24 Jul 2012 Evaluate

Market regulator, Securities and Exchange Board of India (SEBI) has revised the eligibility criteria for stocks in derivatives segment, according to which the benchmark liquidity level for any scrip to be eligible for trading in the derivatives segments has been hiked. The minimum Median Quarter Sigma Order Size (MQSOS) requirement for a stock to be eligible for introduction in derivatives segment has been revised to Rs 10 lakh from the present Rs 5 lakh.

Apart from this, minimum market wide position limit to retain its spot once the stock is listed in futures and options (F&O) segment, too has been raised from Rs 60 crore to Rs 200 crore. Also the minimum MWPL requirement for a stock to be eligible for introduction in derivatives segment has been revised to Rs 300 crore from the present minimum MWPL requirement of Rs 100 crore.

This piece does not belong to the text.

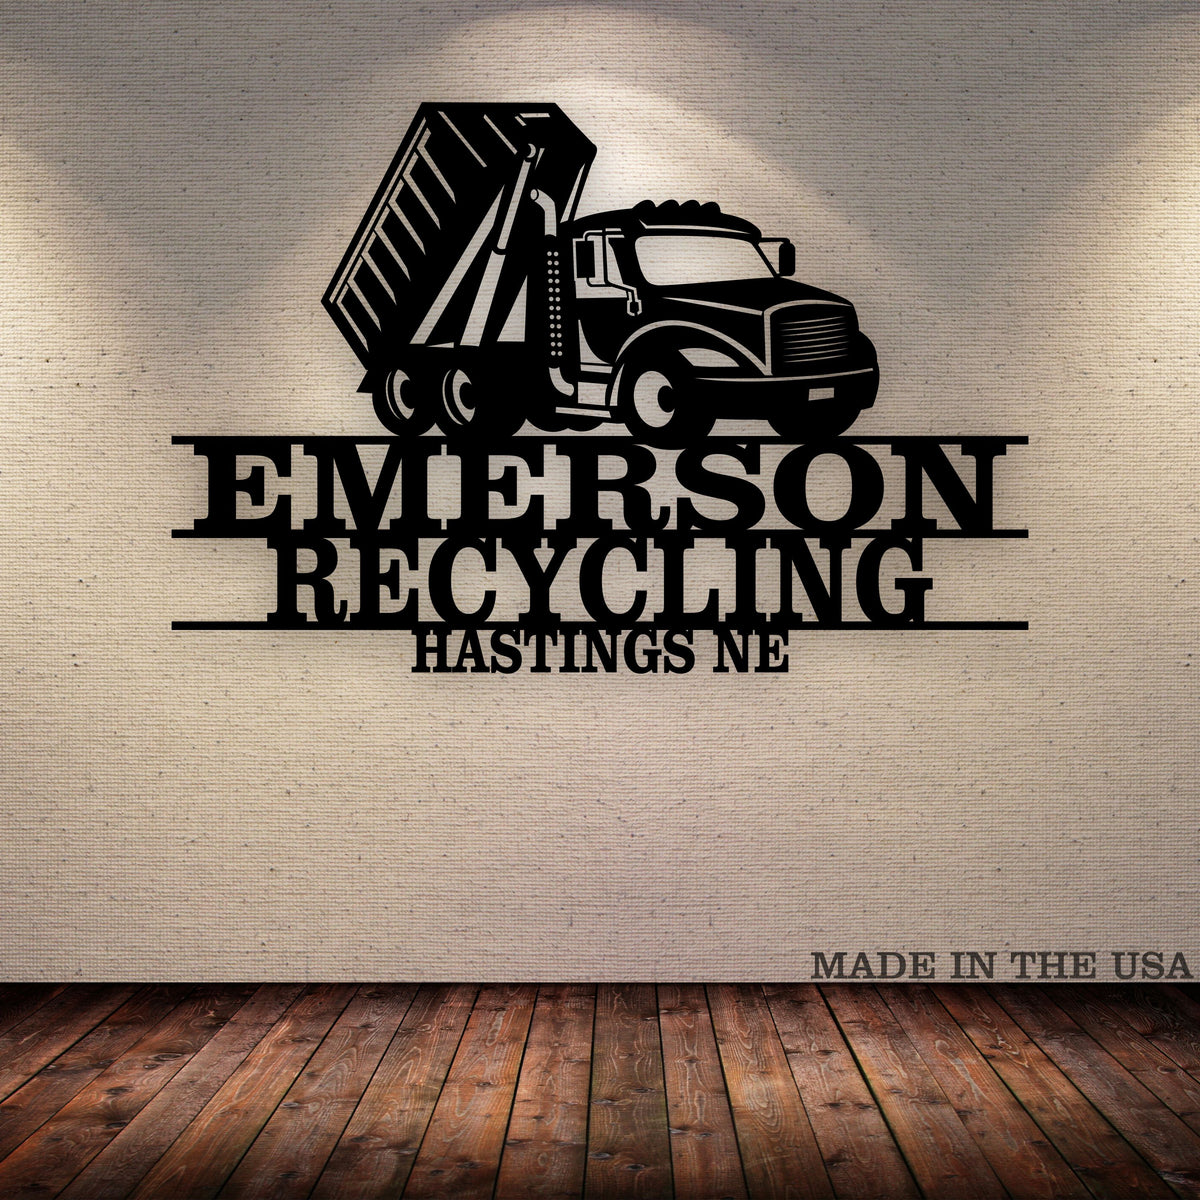 Roll Off Truck Your Text Here Metal Wall Art Free Shipping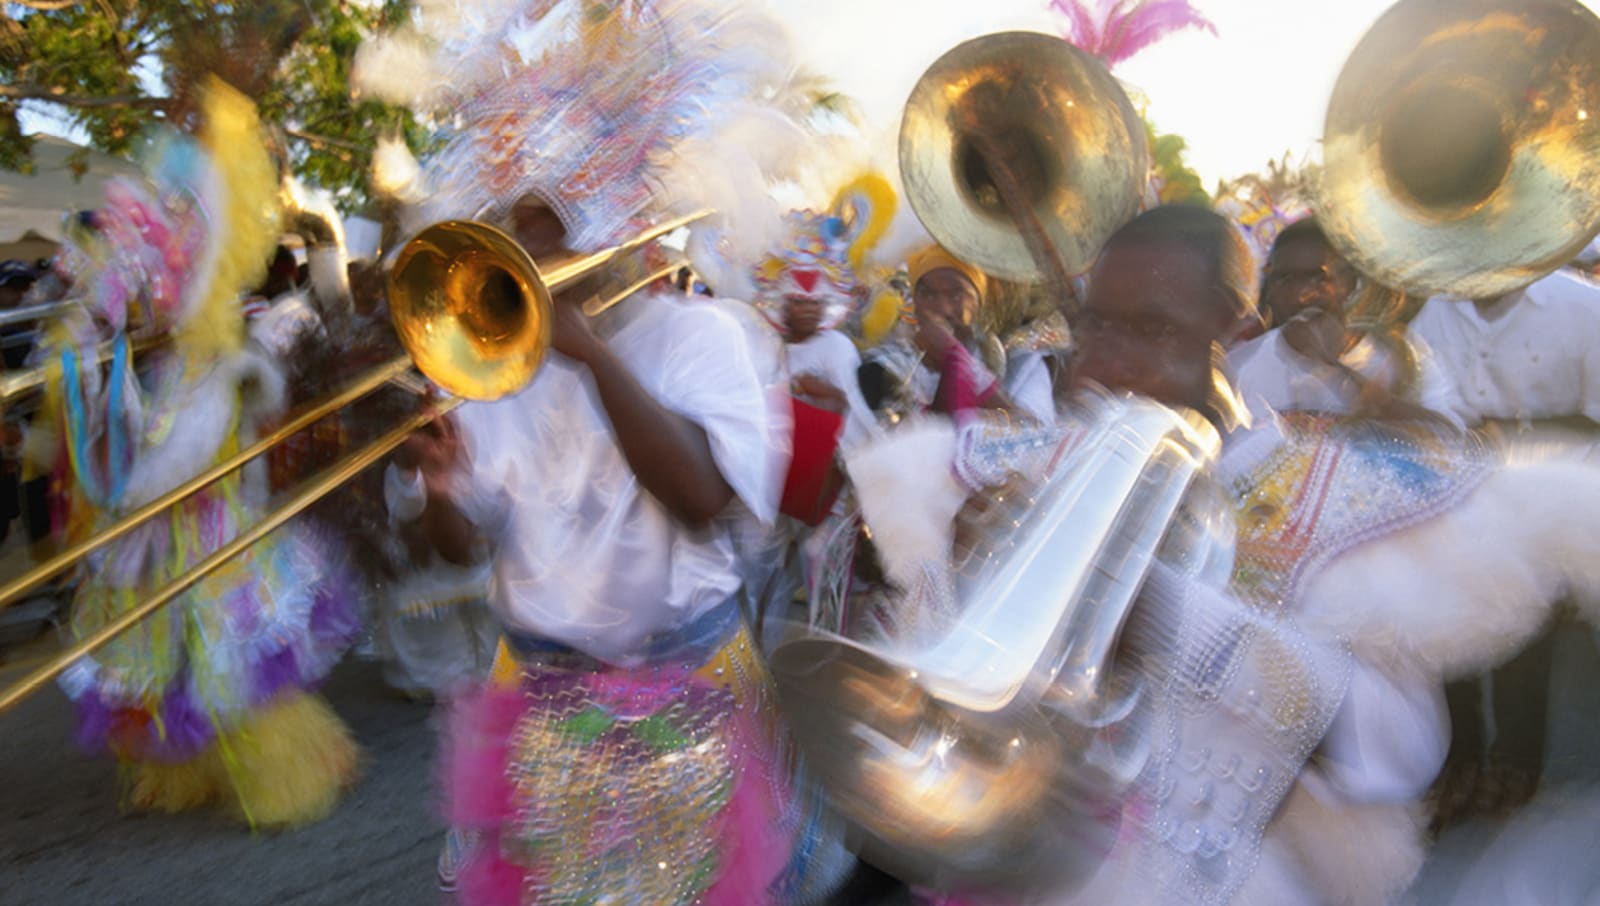 Junkanoo celebration with people playing brass instruments and celebrating

An additional criterion of 'stock derivatives to have average monthly turnover in derivatives segment for last three months of Rs 100 crore' has also been decided to be implemented for a stock to be retained in derivatives segment.

The F&O segment could lose at least 20% of its stocks once the new norms announced by the SEBI’s for including and retaining stocks in the segment take effect. SEBI has directed that no fresh month contract shall be issued on stocks that may exit the F&O segment, however, the existing unexpired contracts may be permitted to trade till expiry and new strikes may also be introduced in the existing contract months.

There are 226 stocks in the National Stock Exchange’s F&O list and around 50 of them are likely to lose their eligibility to trade in futures and options after the implementation of the new norms.